Агент, шедший впереди, поправив галстук, прислонил именную пластиковую карту к электронному замку. Дверь отворилась, и вошедший в просторное помещение людской конвой погрузился в равномерный свет пасмурного дождливого дня. Лиловый шрам на щеке Андрея, отпечатком сохранивший события некоторыми неделями ранее, отразил сверкнувшую молнию на фоне мрачного неба.

Здоровяки, облаченные в строгие деловые костюмы, провели пленника вглубь помещения, обрамленного от пола до потолка панорамными окнами; отполированный белый мрамор под ногами отражал подпирающие потолок величественные фигурные колонны, небольшое кресло и широкий белый диван, на котором, закинув ногу на ногу, расположился хозяин.

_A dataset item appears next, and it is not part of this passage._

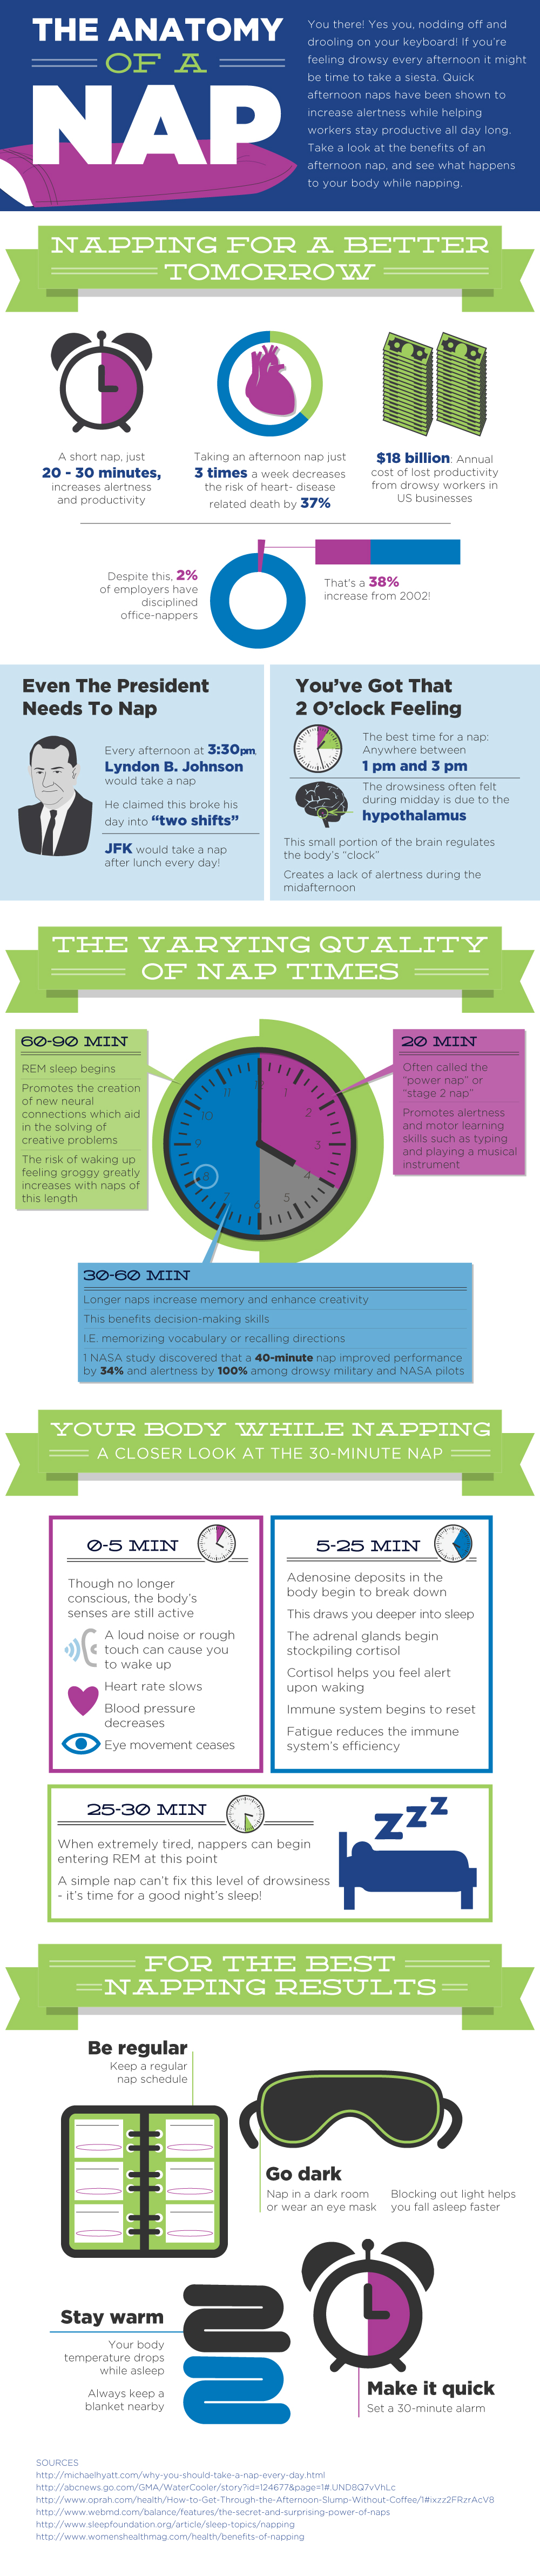 How Napping Impoves Your Health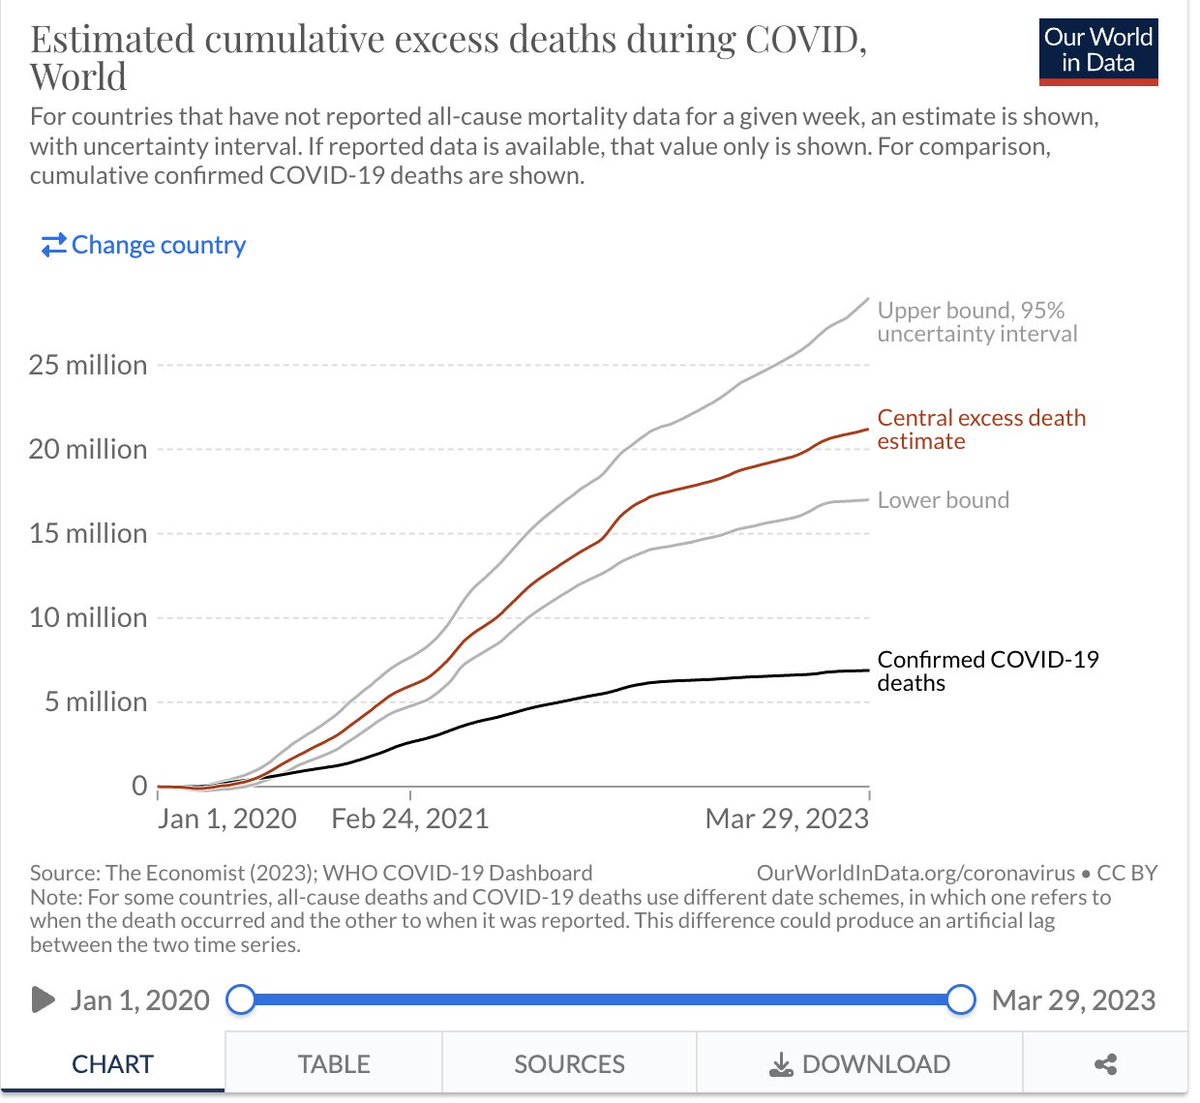 Silently, with no media discussion, people keep dying at rates far higher than before the COVID-19 pandemic. For every one person who officially dies from COVID-19, 2-4 more die from other, unnamed causes who would not have died before 2020. Welcome to the perpetual pandemic.

Облаченный в черный костюм «добрый злодей» даже сидя удивлял своим ростом. Его длинное бледное лицо смотрело пленнику в грудь. Андрей вновь увидел изрезанный глубокими морщинами лоб.

Сутуловатый хранитель особняка деловито кивнул, зачесав гребешком черные, несомненно, крашеные волосы, дав агентам понять, что они могут покинуть помещение. Воспользовавшись паузой, Андрей вырвался из плена могучих рук элегантно одетых титанов. Здоровяки тут же всполошились, но были остановлены вытянутой рукой хозяина. После резкого выпада страдающая от сидячей работы спина дала о себе знать. Очки, едва не слетевшие с носа, вернулись на прежнее место, обозначив хозяину внешность незваного гостя. Встряхнув плечами, охранники, то и дело озираясь назад, покинули помещение по уходящей вниз винтовой лестнице. Один из них, шедший во главе конвоя агент, задержавшись, освободил ключом скованные руки заложника и удалился за остальными, оставляя непрошеного гостя наедине с хранителем роскошного особняка.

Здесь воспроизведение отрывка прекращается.